Whereas it is this author’s opinion that human rights fact-finding mechanisms and criminal justice mechanisms are, and should remain, conceptually and operationally separate entities, it is undeniable that the international community places ‘seemingly ever-increasing reliance (…) on such investigations’.80 This is because situations coming under the attention of said fact-finding mechanisms are often beyond the reach of international justice, and thus fact-finding entities might often be the only mechanisms able to collect evidence and testimonies of international crimes. This is true not only for officially appointed UN fact-finding bodies, but also for local rights groups in the civil society who have equally been affected by the accountability turn.

Whereas the environment in which United Nations human rights fact-finding operates is invariably political, and as a consequence of this, their mandates and operations will inevitably be —to some extent— politicised, it is necessary to recognise that issues originating in the inconsistent methodology and lack of institutional memory of fact-finding mechanisms pose real challenges.
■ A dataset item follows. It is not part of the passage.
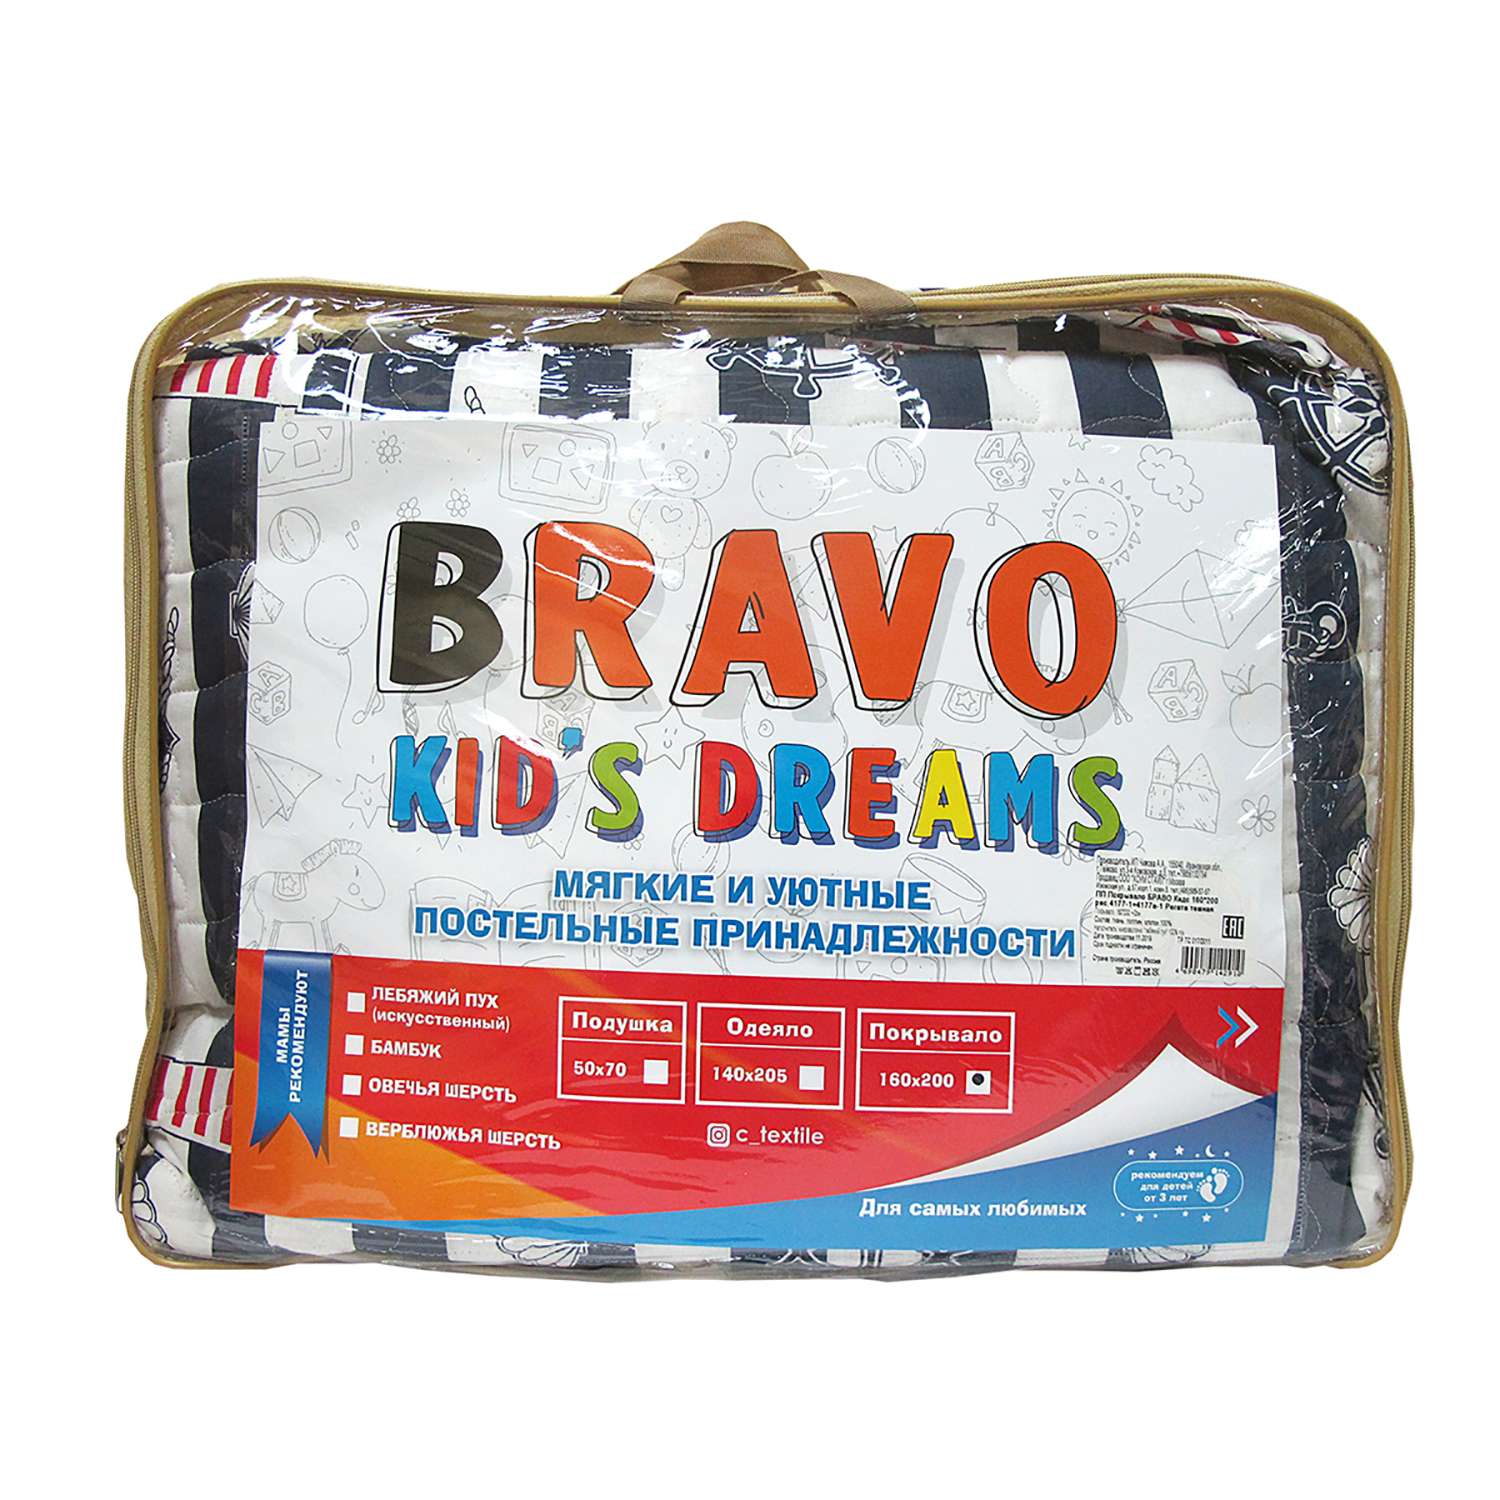 Покрывало BRAVO kids dreams Регата Темная 160х200 4177-1-4177а-1 - фото 3

Noting the improvements already undergone by both the OHCHR (in support of these mechanisms), as well as the broader human rights fact-finding community at large, this article calls for the solidification of a human rights fact-finding methodology, particularly insofar as the standardisation of investigations best-practices and the incorporation of forensic and other expertise among mechanisms’ staff is concerned.

While unclear and often unrealistic mandates, as well as the political forces behind them, will continue to submit the operability and achievements of human rights fact-finding to political and other (including budgetary) dynamics, a solid, sustained, and centralised guidance on operations, best practices, and standardised procedures for the collection, archival, and preservation of information relevant to international crimes is necessary, and can benefit both official and unofficial inquiries. A clear articulation of the standards adopted and best practices followed by human rights fact-finding will both diminish windows of opportunity for (inevitably politically-motivated) criticism, and bolster the credibility of findings. What is more, a clearly identified and centrally-mandated methodology will, paired with proper collection and preservation procedures, enable subsequent criminal accountability mechanisms to take in greater consideration of human rights fact-finding results, perhaps enhancing these mechanisms’ ability to contribute more strongly and directly not only to the record of injustices, but also to the delivery of justice.